I *think* you actually mean the following:

[imath]\qquad P'(q) = -\frac{1}{2}\, q^2 + 60q - 1000[/imath]

[imath]\qquad \textrm{Setting the derivative equal to zero, we get:}[/imath]

[imath]\qquad -\frac{1}{2}\, q^2 + 60q - 1000 = 0[/imath]

x=20 and x=100

I *think* this means that you have found zeroes of the derivative, [imath]P'(q)[/imath], at [imath]q = 20[/imath] and [imath]q = 100[/imath]. (There is no [imath]x[/imath] in the given information.) Since [imath]P(q)[/imath] is a negative cubic, it is obvious where the maximum must lie.

Maximum = 60

Are you saying that the maximum value is "equal to 60", as you've posted, or perhaps that the maximum value occurs "at [imath]q = 60[/imath]"?

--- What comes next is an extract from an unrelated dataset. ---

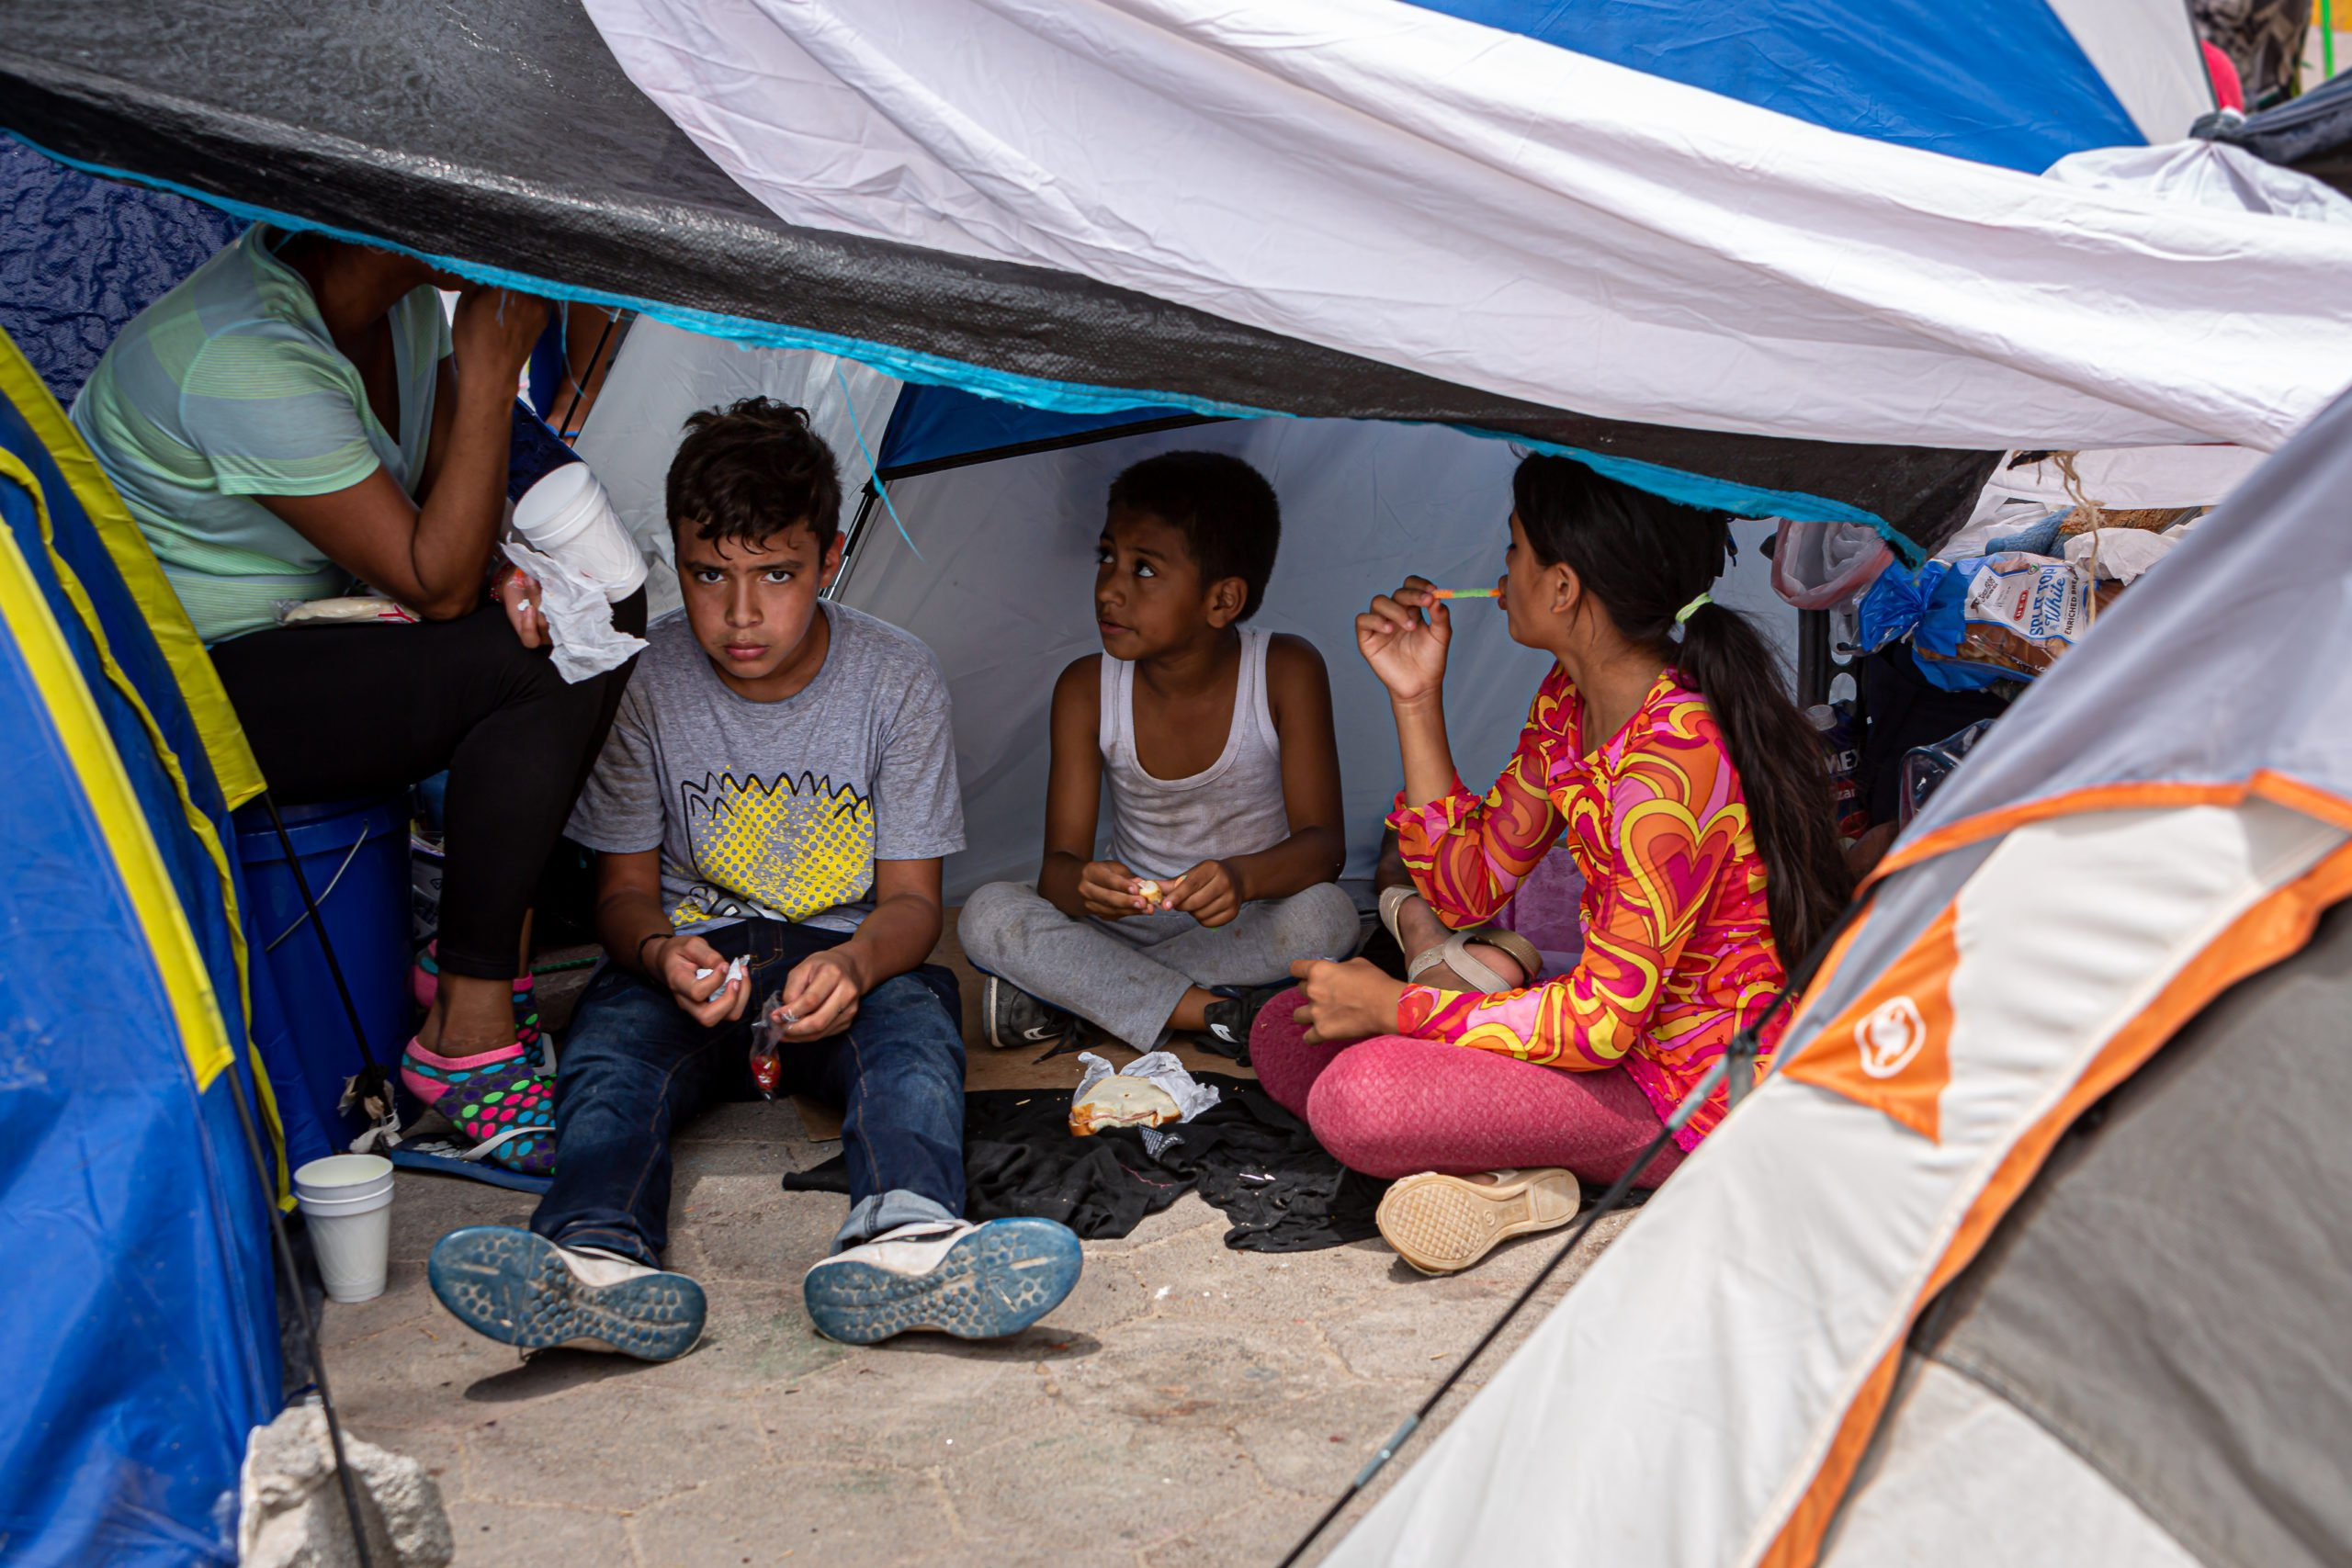 coronavirus - Usa - Trump - scorciatoia - migranti

The above doesn't seem to be correct. What am I doing wrong?

On what basis have you determined your work to be incorrect?

Please be complete. Thank you!

Eliz.

 

[Happy101]

I agree, up to this point.

What you have posted means the following:

[imath]\qquad \frac{-1}{2q^2} + 60q - 1000 = 0[/imath]

I *think* you actually mean the following:

[imath]\qquad P'(q) = -\frac{1}{2}\, q^2 + 60q - 1000[/imath]

[imath]\qquad \textrm{Setting the derivative equal to zero, we get:}[/imath]

[imath]\qquad -\frac{1}{2}\, q^2 + 60q - 1000 = 0[/imath]

I *think* this means that you have found zeroes of the derivative, [imath]P'(q)[/imath], at [imath]q = 20[/imath] and [imath]q = 100[/imath]. (There is no [imath]x[/imath] in the given information.) Since [imath]P(q)[/imath] is a negative cubic, it is obvious where the maximum must lie.

Are you saying that the maximum value is "equal to 60", as you've posted, or perhaps that the maximum value occurs "at [imath]q = 60[/imath]"?

On what basis have you determined your work to be incorrect?

To answer your question, when I entered the number into the cost function it didn't equal 0...

Note that I've figured this out now. Thank you.

 

[stapel]

To answer your question, when I entered the number into the cost function it didn't equal 0...

Which number? Why are you returning to the cost function instead of continuing with the profit function?

 

[blamocur]

Is not this the same problem as in your earlier thread ?